Below are the entries; give again exactly the lines from the one mentioning "Easy Homemade Blueberry Pie Recipe 3" through the one mentioning "Antique Wardrobe, Carved", inclusive.

·····

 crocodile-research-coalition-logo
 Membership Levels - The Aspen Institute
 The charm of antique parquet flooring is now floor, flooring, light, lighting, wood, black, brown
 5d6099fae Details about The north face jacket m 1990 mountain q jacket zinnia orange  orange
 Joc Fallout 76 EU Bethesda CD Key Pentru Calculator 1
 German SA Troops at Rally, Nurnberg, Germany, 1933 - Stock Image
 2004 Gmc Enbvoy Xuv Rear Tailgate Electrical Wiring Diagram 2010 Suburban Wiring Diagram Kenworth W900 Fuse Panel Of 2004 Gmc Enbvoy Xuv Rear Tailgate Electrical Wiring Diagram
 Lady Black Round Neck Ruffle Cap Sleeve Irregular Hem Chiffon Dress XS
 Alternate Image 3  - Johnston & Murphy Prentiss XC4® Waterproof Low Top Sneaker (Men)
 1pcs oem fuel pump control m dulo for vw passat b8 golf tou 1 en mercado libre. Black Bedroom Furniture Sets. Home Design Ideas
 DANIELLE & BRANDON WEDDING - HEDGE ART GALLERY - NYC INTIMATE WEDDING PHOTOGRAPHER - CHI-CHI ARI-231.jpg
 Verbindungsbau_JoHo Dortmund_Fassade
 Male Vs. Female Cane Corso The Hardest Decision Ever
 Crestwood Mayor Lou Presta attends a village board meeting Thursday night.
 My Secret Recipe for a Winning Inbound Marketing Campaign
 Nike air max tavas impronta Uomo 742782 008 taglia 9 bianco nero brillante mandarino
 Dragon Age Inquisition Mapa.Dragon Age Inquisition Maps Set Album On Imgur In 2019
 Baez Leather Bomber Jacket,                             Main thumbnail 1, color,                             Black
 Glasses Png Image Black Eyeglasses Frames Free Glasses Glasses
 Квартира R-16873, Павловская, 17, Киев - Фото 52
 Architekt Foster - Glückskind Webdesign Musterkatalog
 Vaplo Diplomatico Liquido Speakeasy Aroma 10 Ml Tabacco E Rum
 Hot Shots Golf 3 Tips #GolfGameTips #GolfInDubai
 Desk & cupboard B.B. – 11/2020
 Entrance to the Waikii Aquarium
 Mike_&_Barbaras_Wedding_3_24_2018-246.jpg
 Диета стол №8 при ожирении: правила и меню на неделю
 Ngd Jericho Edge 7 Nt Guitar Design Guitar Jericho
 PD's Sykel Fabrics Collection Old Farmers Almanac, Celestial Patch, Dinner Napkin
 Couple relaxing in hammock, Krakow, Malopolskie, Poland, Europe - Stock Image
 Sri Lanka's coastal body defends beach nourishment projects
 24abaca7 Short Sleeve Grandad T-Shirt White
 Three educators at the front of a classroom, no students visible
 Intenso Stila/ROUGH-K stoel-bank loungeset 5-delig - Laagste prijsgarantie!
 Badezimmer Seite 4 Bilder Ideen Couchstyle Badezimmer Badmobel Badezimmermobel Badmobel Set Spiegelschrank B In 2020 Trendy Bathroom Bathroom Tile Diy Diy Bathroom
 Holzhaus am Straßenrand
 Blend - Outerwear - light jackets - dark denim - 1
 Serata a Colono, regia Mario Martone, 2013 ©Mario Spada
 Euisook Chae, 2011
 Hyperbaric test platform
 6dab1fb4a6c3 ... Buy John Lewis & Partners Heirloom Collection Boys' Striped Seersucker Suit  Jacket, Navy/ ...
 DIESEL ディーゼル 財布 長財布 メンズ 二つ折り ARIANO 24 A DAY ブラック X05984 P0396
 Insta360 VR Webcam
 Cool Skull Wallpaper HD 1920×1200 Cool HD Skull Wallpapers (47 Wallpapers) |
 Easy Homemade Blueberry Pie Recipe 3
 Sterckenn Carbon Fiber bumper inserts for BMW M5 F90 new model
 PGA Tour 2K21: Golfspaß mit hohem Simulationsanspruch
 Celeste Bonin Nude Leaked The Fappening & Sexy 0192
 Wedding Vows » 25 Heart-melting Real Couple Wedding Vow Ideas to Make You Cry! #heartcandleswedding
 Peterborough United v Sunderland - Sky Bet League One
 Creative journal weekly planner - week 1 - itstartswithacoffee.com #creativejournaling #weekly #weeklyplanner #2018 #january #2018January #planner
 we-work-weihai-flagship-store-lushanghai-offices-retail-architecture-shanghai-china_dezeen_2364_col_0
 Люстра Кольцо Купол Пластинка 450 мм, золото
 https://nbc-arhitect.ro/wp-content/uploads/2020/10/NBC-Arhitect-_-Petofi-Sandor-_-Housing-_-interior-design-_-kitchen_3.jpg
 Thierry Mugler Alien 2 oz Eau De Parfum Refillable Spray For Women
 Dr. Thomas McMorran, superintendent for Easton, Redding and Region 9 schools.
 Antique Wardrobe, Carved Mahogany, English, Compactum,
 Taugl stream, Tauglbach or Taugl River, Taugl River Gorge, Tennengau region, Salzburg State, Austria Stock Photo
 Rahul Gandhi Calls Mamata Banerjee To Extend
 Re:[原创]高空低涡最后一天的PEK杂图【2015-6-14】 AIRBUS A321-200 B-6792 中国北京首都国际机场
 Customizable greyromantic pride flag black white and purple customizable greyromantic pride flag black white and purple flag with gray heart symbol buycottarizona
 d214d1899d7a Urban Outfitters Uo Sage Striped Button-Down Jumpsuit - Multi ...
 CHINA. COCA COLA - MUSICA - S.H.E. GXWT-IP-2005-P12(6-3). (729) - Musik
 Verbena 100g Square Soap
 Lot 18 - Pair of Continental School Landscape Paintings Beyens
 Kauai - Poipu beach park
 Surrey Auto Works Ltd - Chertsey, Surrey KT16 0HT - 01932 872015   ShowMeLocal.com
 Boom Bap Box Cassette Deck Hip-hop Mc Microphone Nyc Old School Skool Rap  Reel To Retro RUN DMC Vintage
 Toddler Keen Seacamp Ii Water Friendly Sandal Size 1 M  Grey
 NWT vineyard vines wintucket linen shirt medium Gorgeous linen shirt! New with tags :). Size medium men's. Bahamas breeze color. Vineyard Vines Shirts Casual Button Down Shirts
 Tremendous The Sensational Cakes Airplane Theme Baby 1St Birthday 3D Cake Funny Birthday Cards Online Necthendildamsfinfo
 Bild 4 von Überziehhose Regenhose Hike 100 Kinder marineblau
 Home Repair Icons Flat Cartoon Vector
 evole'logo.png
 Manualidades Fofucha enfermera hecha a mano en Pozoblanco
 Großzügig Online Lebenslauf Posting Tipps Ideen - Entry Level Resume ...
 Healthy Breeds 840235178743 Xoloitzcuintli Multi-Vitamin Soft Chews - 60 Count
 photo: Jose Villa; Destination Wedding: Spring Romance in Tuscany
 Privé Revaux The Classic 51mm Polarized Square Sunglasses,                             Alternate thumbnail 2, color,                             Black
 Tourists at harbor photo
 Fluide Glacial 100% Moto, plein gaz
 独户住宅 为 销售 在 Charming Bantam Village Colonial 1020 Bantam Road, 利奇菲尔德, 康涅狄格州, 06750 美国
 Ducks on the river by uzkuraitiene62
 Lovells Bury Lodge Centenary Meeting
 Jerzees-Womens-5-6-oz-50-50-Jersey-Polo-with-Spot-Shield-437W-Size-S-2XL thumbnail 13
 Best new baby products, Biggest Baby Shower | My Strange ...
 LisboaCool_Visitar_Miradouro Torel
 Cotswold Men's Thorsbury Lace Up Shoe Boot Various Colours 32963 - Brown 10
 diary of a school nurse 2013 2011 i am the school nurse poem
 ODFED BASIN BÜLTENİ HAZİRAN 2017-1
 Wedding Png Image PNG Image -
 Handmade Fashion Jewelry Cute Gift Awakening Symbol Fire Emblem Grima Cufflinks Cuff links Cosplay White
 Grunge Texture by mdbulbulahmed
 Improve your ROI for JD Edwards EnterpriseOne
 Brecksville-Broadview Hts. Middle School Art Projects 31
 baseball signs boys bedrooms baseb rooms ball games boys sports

·····

OUTPUT OF THE EXERCISE:
 Easy Homemade Blueberry Pie Recipe 3
 Sterckenn Carbon Fiber bumper inserts for BMW M5 F90 new model
 PGA Tour 2K21: Golfspaß mit hohem Simulationsanspruch
 Celeste Bonin Nude Leaked The Fappening & Sexy 0192
 Wedding Vows » 25 Heart-melting Real Couple Wedding Vow Ideas to Make You Cry! #heartcandleswedding
 Peterborough United v Sunderland - Sky Bet League One
 Creative journal weekly planner - week 1 - itstartswithacoffee.com #creativejournaling #weekly #weeklyplanner #2018 #january #2018January #planner
 we-work-weihai-flagship-store-lushanghai-offices-retail-architecture-shanghai-china_dezeen_2364_col_0
 Люстра Кольцо Купол Пластинка 450 мм, золото
 https://nbc-arhitect.ro/wp-content/uploads/2020/10/NBC-Arhitect-_-Petofi-Sandor-_-Housing-_-interior-design-_-kitchen_3.jpg
 Thierry Mugler Alien 2 oz Eau De Parfum Refillable Spray For Women
 Dr. Thomas McMorran, superintendent for Easton, Redding and Region 9 schools.
 Antique Wardrobe, Carved Mahogany, English, Compactum,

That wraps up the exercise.